THE ARTY ONE: Well established drama society, music groups, film nights, art loans, theatre productions, band nights in the bar. Insular?
THE TRADITIONAL ONE: Majestic buildings, accommodation steeped in history, quirky traditions. Often rich and well funded, but pressure to succeed/complete. Touristy. Living in a museum?
THE MODERN ONE: Less majestic buildings (often 1970’s concrete!) Laid back and relaxed, less pressure. Unpretentious. Lack of atmosphere?
THE SMALL ONE: Cosy atmosphere. Friendly. Everyone knows everyone else. Can be cramped and noisy. Usually city centre, close to shops/bars/faculties. Close ‘family’ feel?
THE LARGE ONE: Sprawling grounds, relaxing, ‘escape’ from the bustle of town. Often a walk from the city centre. Usually on-site facilities. More students lends to a more diverse atmosphere. Oasis of calm or anonymity?
THE SOCIAL ONE: Active JCR/MCR. Frequent events, attracts people from other colleges. Thriving ball committee. Drinking and social societies. Can be noisy. Usually less academic. Work/life balance?
THE ACADEMIC ONE: Good reputation. Tutors are well renowned. High in league tables. Pressure to succeed. Sports/drama, etc. may be discouraged. Desire to be pushed to your potential?
ARE YOU AN A*/A GRADE STUDENT?
Oxbridge will only seriously look at you if you are predicted A* and A grades for all three A levels. All applicants will be capable of the highest academic standards so this is not the determining factor for admissions.
All applicants to Oxbridge are A*/A students. The colleges, therefore, are looking for something beyond current academic ability and exam grades. They are also looking for individuals who display:
In addition to your predicted A-level results, they will use some or all of the following methods to determine these additional attributes:
- Cambridge or Oxford supplementary application form
- Personal statement
- School reference
- Work submitted to the college
- Admission tests
- STEP papers, BMAT, LNAT etc.
No other university admissions system has quite so much mystery or rumour surrounding it. This is mostly to do with age-old stories of crazy interviewing techniques and a strong lingering air of an “old boys network” and public school bias. Neither of these are at all still in existence and the process is becoming much more open and transparent, although still very tough, competitive and challenging.
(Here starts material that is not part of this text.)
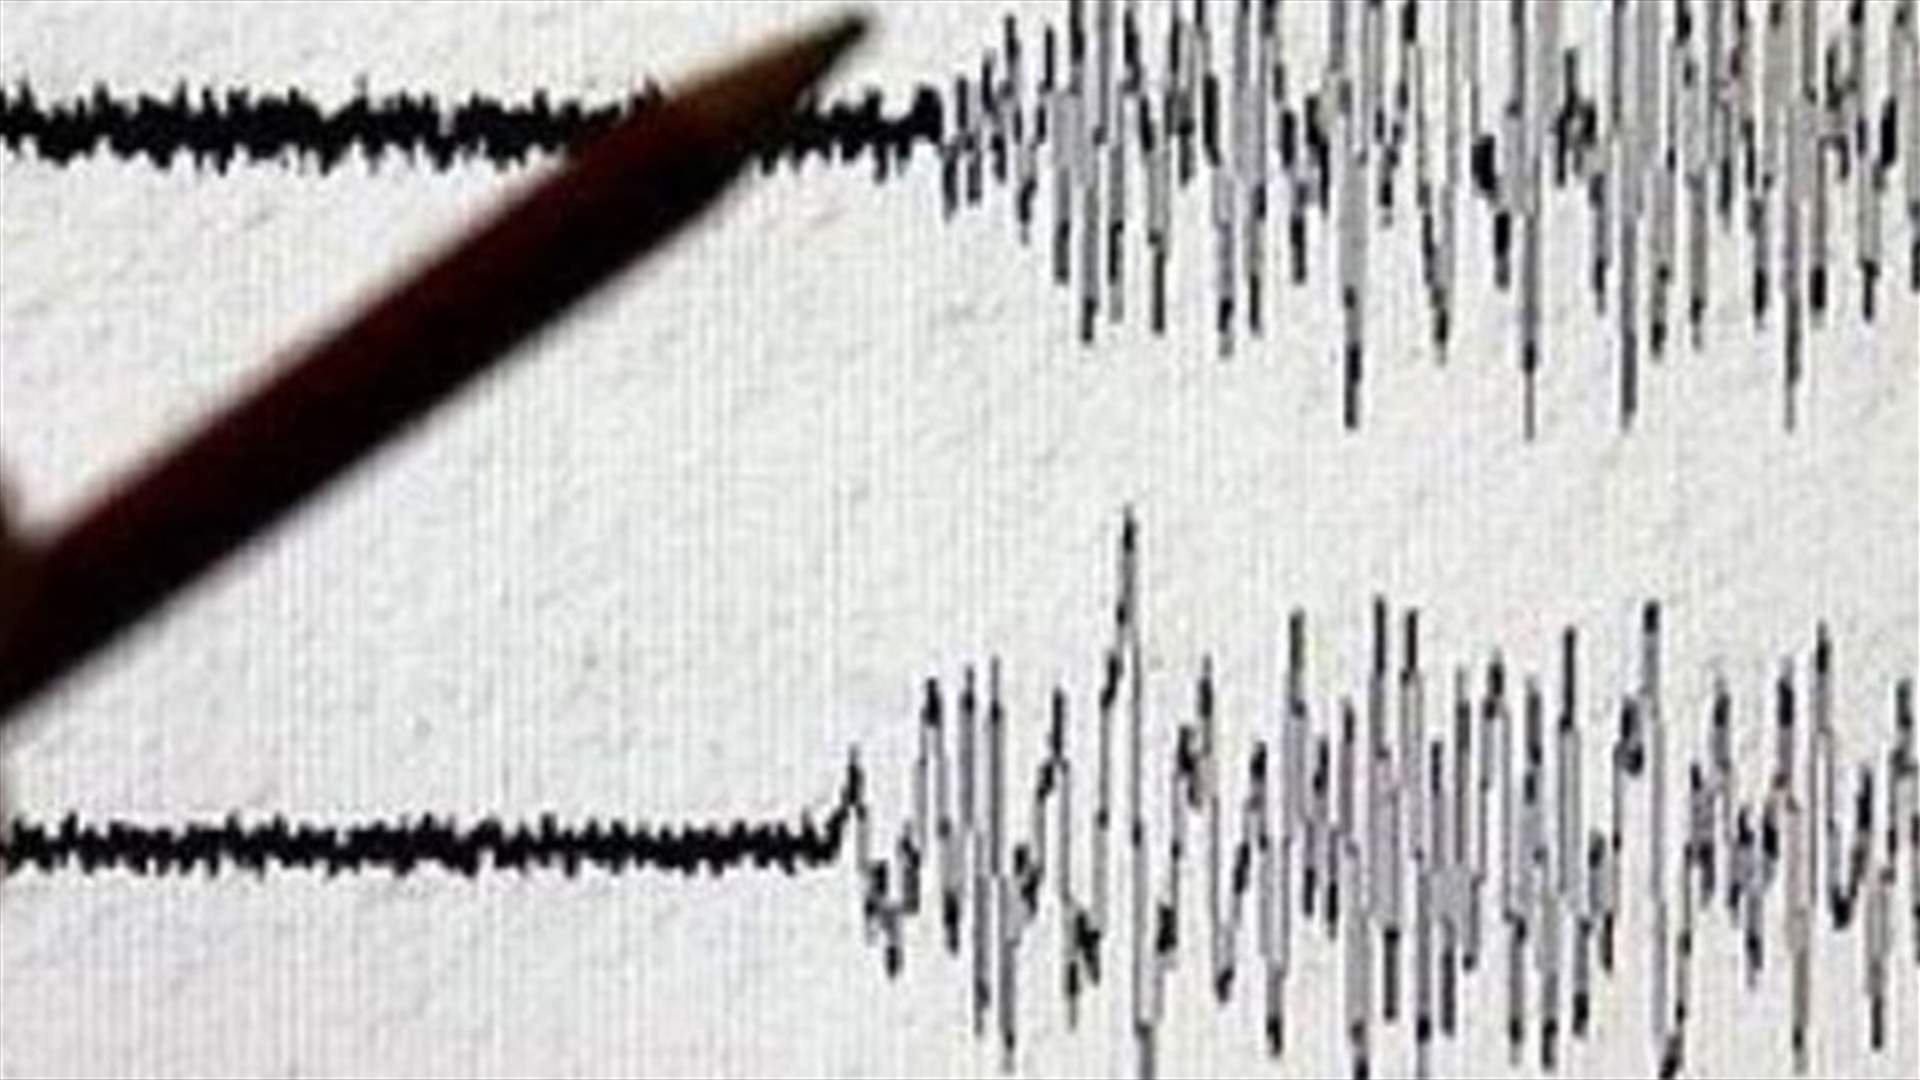  زلزال جنوب غربي فيجي
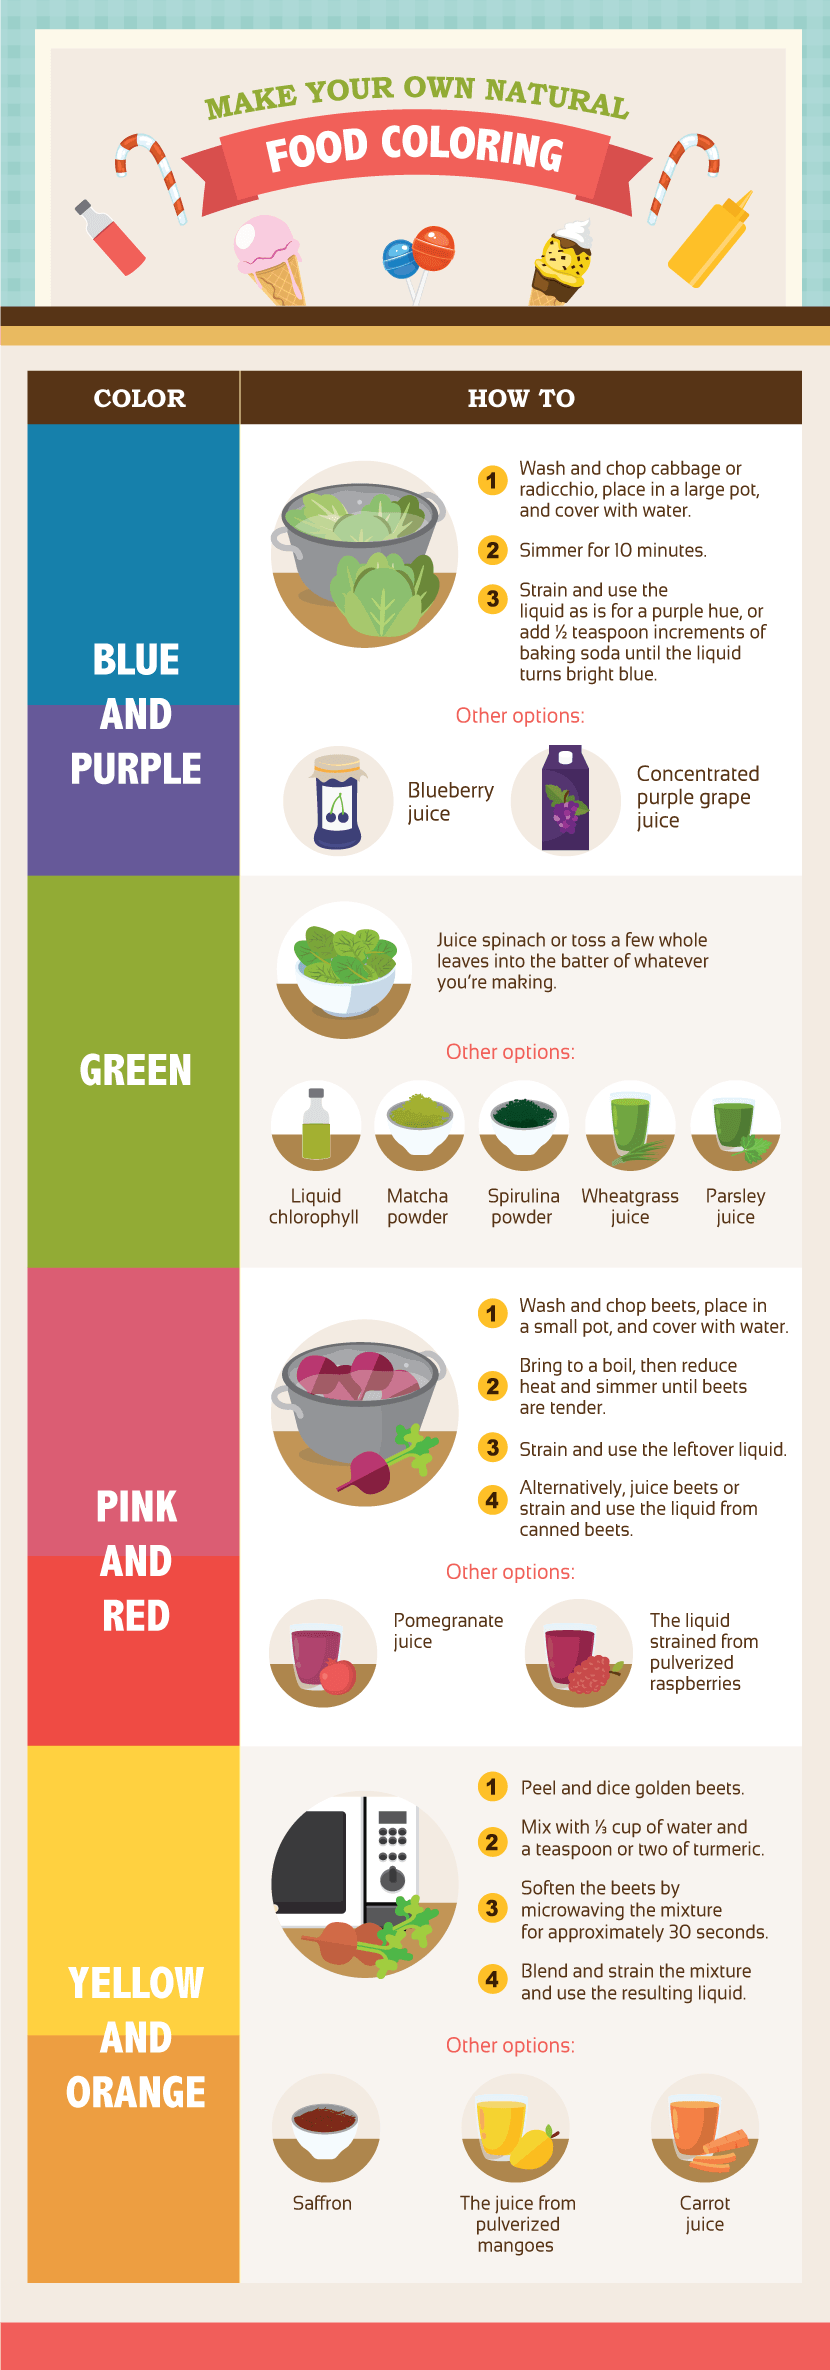 Making Safe Food Coloring at Home | Fix.com

|Finalise course and college choice||June-July|
|Attend general open Days||Late June (Oxford); Early July (Cambridge)|
|Perfect UCAS form and separate Oxford or Cambridge form||June-September|
|Submit application to UCAS and Oxford or Cambridge||1 Sept-15 Oct|
|LNAT (Law Admissions Test)||Sept-Nov|
|BMAT (Medical Admissions Test)||5 Nov|
|Submission of written work (if required)||By mid-Nov|
|Applicants notified by letter||Late Dec (Oxford); Early Jan (Cambridge)|
As well as completing the normal UCAS form (which will include Cambridge or Oxford as one of your choices), you must also submit a supplementary form either to a specific Cambridge college or to the Oxford Admissions office. This form must be submitted by a specified date in October, the same month as the UCAS deadline.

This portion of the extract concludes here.